Books

7 Ways to (Slowly) Become a Faster Reader

by Tori Telfer
Oli Scarff/Getty Images News/Getty Images

Oh, the controversy of speed reading. Say it's a party: On one side of the room, the passionate speed-readers are talking a mile a minute and have already finished half of War and Peace while listening to their friend's ex-girlfriend's aunt rhapsodize about her root canal complications. On the other side of the room, the slow readers are deliberately consuming the first sentences of War and Peace as though they're sipping a fine Scotch, stopping occasionally to stare into a crackling fire and muse on the meaning of friendship and battle. Is there a middle ground?

To live a functional, informed life, it's very useful to be a fast reader, but a speed reader? Speed reading is great when you've got a deadline, a particularly dry chapter to get through, or when you just need to know the basics. It's not, however, the best way to understand a Hemingway novel or learn a complicated scientific concept or absorb the nuances of poetry. In “Reading in a Digital Age,” Sven Birkerts writes, “The reader who reads without directed concentration, who skims, or even just steps hurriedly across the surface, is missing much of the real point of the work.”

These are ways to read faster while still absorbing the text at hand. These are not classic speed-reading tips, like “stop sub-vocalization” and “preview what's on the page,” but thoughtful skills to build up over weeks and months of reading with purpose and care. Because why turn reading into some sort of horrid task that we have to finish as soon as possible? On the other hand, why treat it as painful work that never ends?

Embrace the art of single-tasking

When you sit down to read, clear the room and shake your head free of cobwebs. Treat the moment as though you're about to go to bed: Turn off the TV, move your phone to the dresser, get yourself a glass of water. (Don't, uh, take a Xanax or anything.) Prepare to focus on reading and reading only.

Read consciously

Don't let your mind wander. Easier said than done, right? What you have to do is focus on focusing on reading. Continually remind yourself that you're here both to read and to comprehend what you read. It's a simple tip, but I find it very effective. My mind begins to wander easily, and my eyes begin to bounce all over the page, but all it takes is a simple thought — pay attention — and I'm back to reading in straight lines. Herd your mind, like a rambunctious sheep, back into the fold as often as you have to, so that you avoid the awful sensation of "reading" 10 pages without remembering any of it.
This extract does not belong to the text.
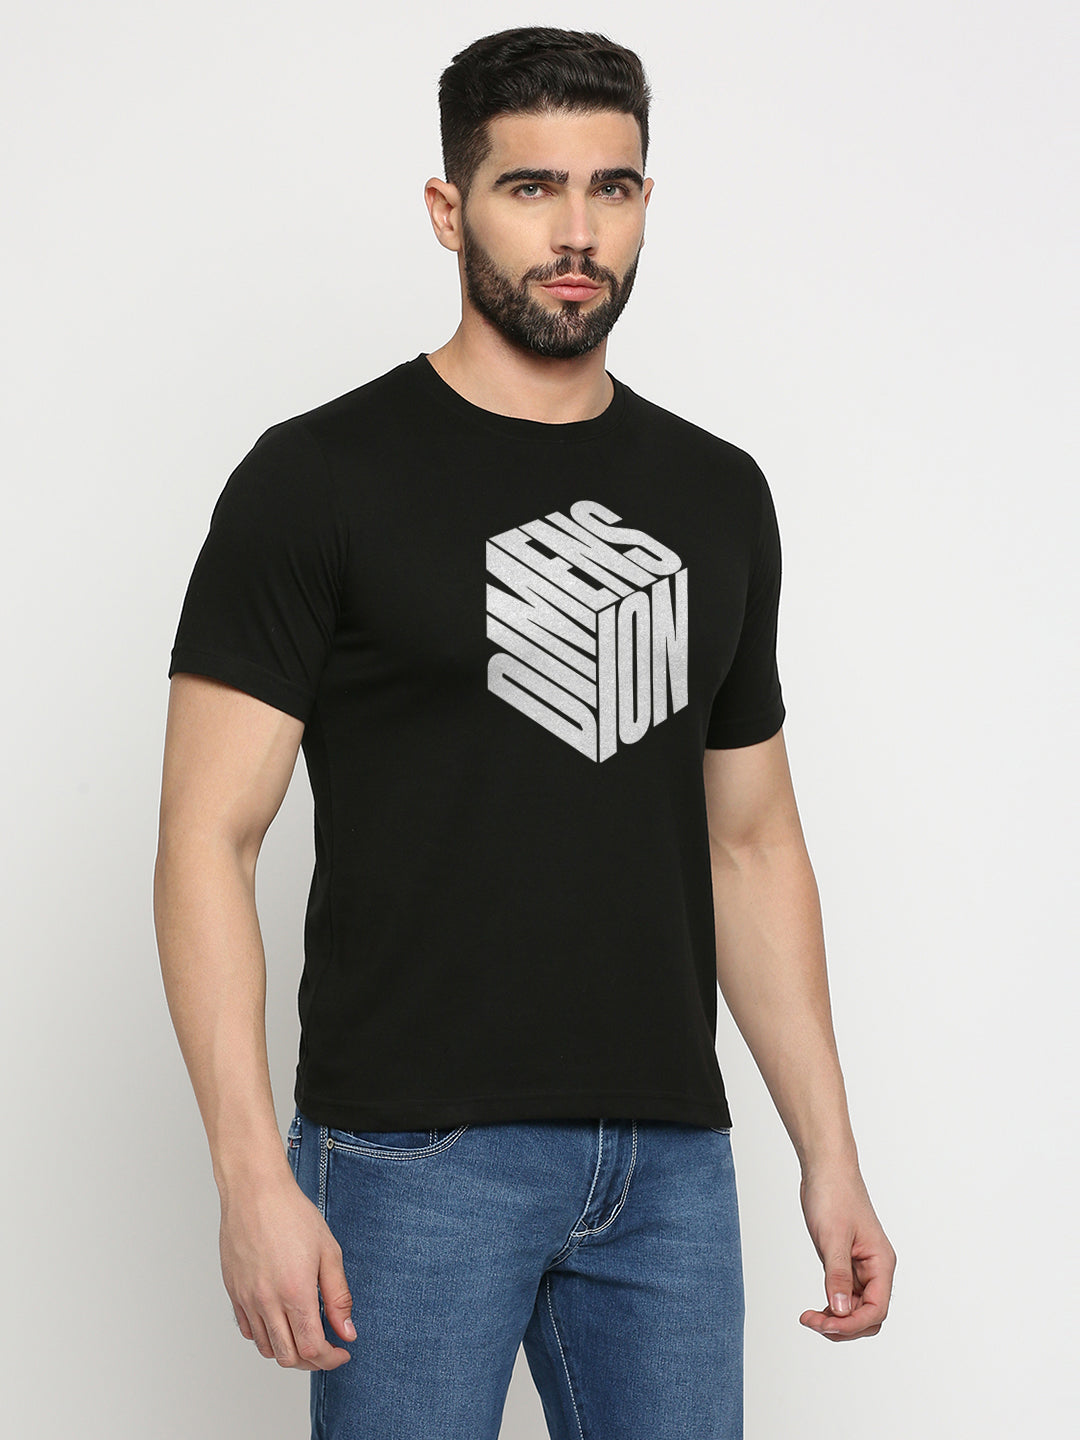 Dimension Cube T-Shirt

Pablo Blazquez Dominguez/Getty Images News/Getty Images

Be patient with yourself

Your mind will wander. You will want to check Facebook. You don't need me to remind you that the Internet has wrecked our attention spans. Don't expect to sit down and immediately become absorbed in War and Peace, and don't hate yourself when the reading process feels difficult, slow, or inefficient at first. Stick with it, because you can...

Rebuild your attention span

Maryanne Wolf, the author of Proust and the Squid, has studied deep reading for years — and yet found it difficult to sit down and read a printed novel after day of reading online. When she dove into “The Glass Bead Game” by Herman Hesse, she says it was “torture getting through the first page.” She stuck with it, though, and two weeks later, “it was like I recovered. I found my ability again to slow down, savor, and think.”

Read on paper

Reading on a screen sounds efficient, but it might be hurting our reading comprehension. Preliminary research by two professors at West Chester University shows that when it comes to reading comprehension, children retain more information from print books than from e-books. Give your brain a helping hand, and buy the paperback version.

Meditate

Wondering how in the world you can possibly rebuild an attention span shattered from years of obsessive Twitter usage? You can read more Herman Hesse, but you can also hit the meditation mat. A study found that when participants meditated for a half hour each day over the course of eight weeks, their brains physically changed, resulting in “increased gray-matter density in the hippocampus, known to be important for learning and memory.” This isn't a short-term solution — it won't teach you to speed-read that Henry James novel by Friday night — but it's the war, not the battle, that counts. At least, that's what the bros say.

Reward yourself

Be shameless and promise yourself a treat when you finally reach that 50-page mark. Why not? If you have some serious reading to do and you're stressed at the thought of a night spent poring over dense text, turn it into a game. Might I recommend Nutella and peanut butter on a spoon? It's the oldest psychological trick in the world. In fact, there's probably a book about it.